Rep. Arlene Brosas, the assistant minority leader, agreed with Lagman’s position that family planning and RH services should be funded as a separate item and not lumped together with other items.

“It is important to fund it as a separate item. Instead of funding confidential and intelligence expenses, we should fund maternal health and reproductive health programs,” she said.

No need for consent

Brosas pointed out that just the day before, the chamber passed on final reading House Bill No. 8910, or the Adolescent Pregnancy Prevention Act, which gives adolescents age 15 to 18 years old access to reproductive health services without the need for a parent’s or guardian’s consent.

The same access is granted to those below 15 but who have begun child-bearing or have experienced sexual abuse.

The bill was unanimously approved by 232 congressmen in plenary on Tuesday night.

“We just passed this bill yesterday, so it is good to see where funds for reproductive health services will actually go,” she said.

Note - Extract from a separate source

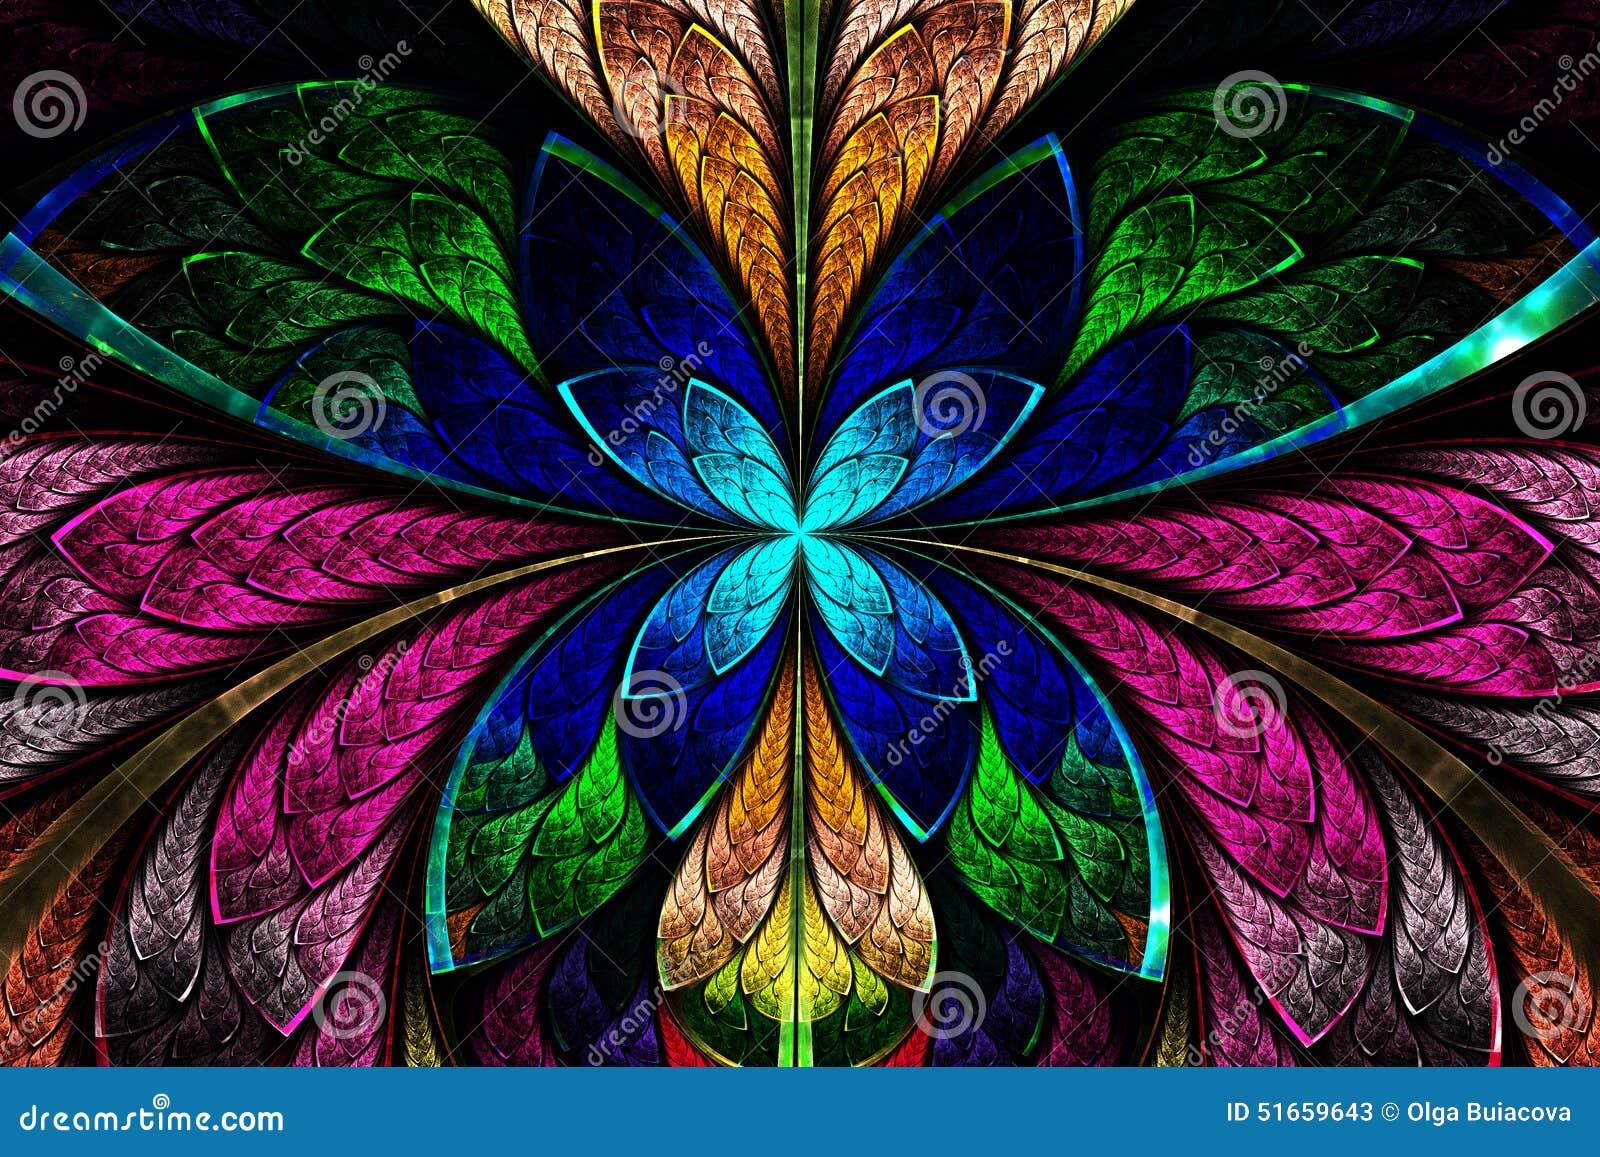 Multicolored symmetrisch fractal patroon als bloem of vlinder

Lagman was one of the primary authors of the bill and also a key author of the Responsible Parenthood and Reproductive Health Act of 2012 (Republic Act No. 10354).

The Albay congressman noted that even with improved maternal and infant mortality ratios 10 years after the enactment of RA 10354, the contraceptive prevalence rate had dipped to 41.8 percent from 49 percent in 2012.

“That is very much far behind [the rate in] other countries,” Herbosa noted.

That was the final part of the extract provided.